Since the diagnosis of pediatric BD and organ donor status is an issue that needs to be evaluated more precisely compared to adults, more comprehensive and multicenter studies are needed, especially in pediatric patients. The problem of organ donation is still an important barrier for organ transplantation in our country, and the cadaveric donation rate per million population is much lower than in European countries.[29] A pediatric study from Turkey revealed that the most important reasons relevant to parents’ refusal for organ donation were the parents’ low level of education and insufficient information about BD and OD.[30] In our study and other pediatric studies conducted in our country, we also observed that family refusal is the main problem for OD among pediatric BD patients, and that the refusal rates are much higher than in the USA, Canada, and most European countries. Table 2 shows the pediatric BD studies conducted in our country, including our study results. It shows that trauma and associated brain injury are the leading causes of BD in a majority of the studies. The ancillary tests vary by centers, but the EEG seems to be the most commonly used ancillary method, followed by TCD or MRA/CTA. Family refusal rates vary over a wide range (46-100%).

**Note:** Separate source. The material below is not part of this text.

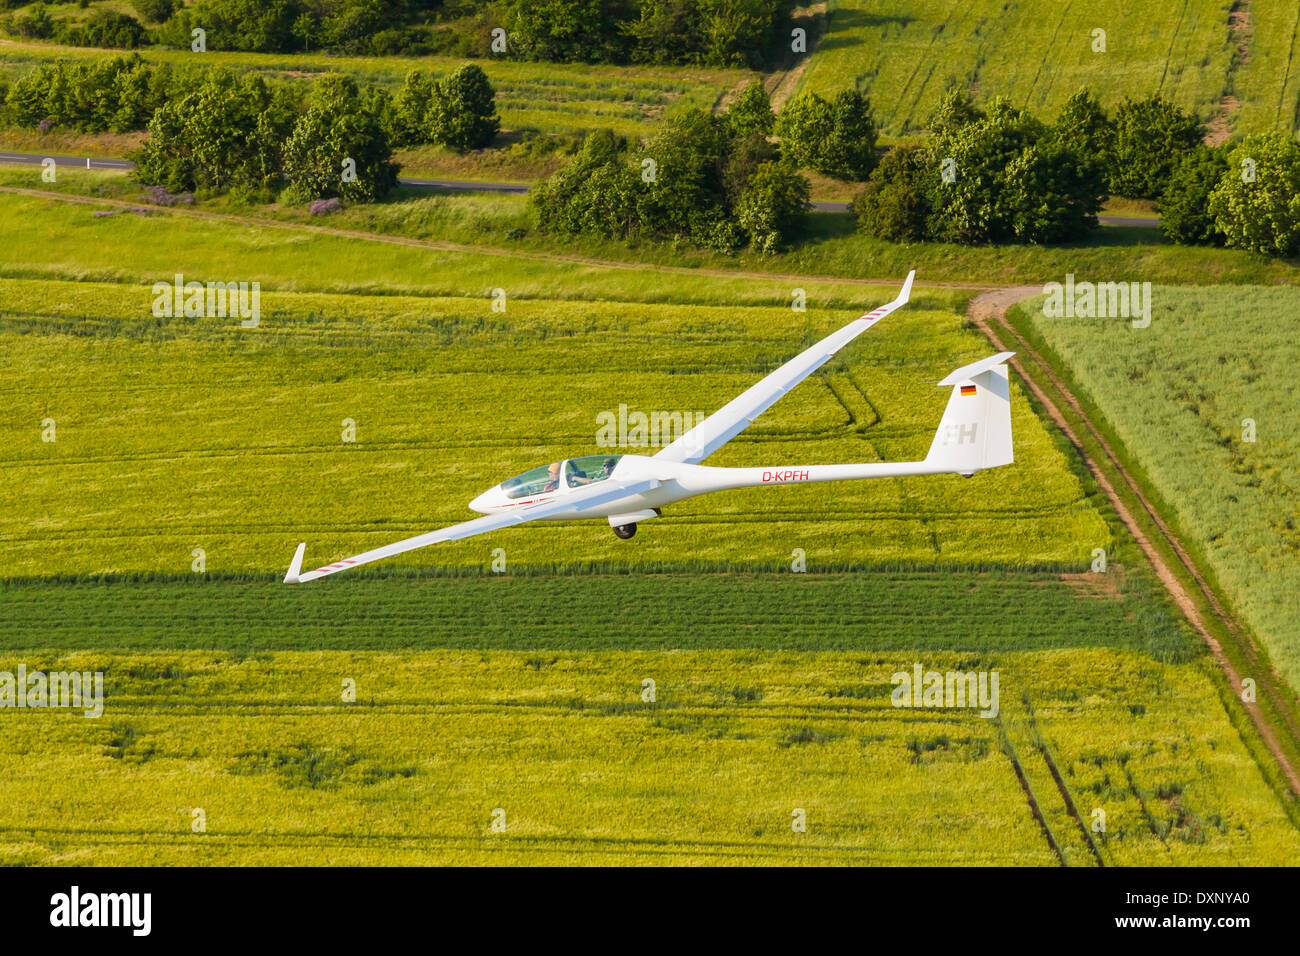 Germany, Bavaria, Franconia, Rhoen, glider Schleicher ASH 25 is approaching airfield Stock Photo

This study has several limitations. First, it was performed at a single institution, and therefore, the number of the cases is low in comparison with multicenter studies, and our results may not comprehensively reflect situation across our country. Second, because of the study’s retrospective design, we were not able to find out the detailed reasons for family members’ reluctance to consent to OD. Third, we could not analyze factors affecting OD in pediatric cases due to the low number of cases. However, the present study has significant strengths. It yields important and detailed information about pediatric BD in a tertiary university hospital over a relatively long time period, and this is the first pediatric study on this issue at our institution.

Conclusions

Pediatric BD is a highly complex and yet sensitive issue in pediatric practice for clinicians. In recent years, the number of pediatric patients with organ failure and awaiting suitable transplantation has increased all over the world. Thus, increasing the importance and sensitivity of this issue once more is necessary. In our study cohort, OD among BD patients was 20.8%, reflecting relatively low donation rates in comparison with the European and developed American countries. The complications of BD were observed at higher rates in our study. Therefore, multicenter national studies investigating pediatric BD, the factors affecting OD, and the causes of family rejection need to be investigated. Accordingly, a nationwide study to evaluate the incidence and characteristics of pediatric BD should be conducted in the future.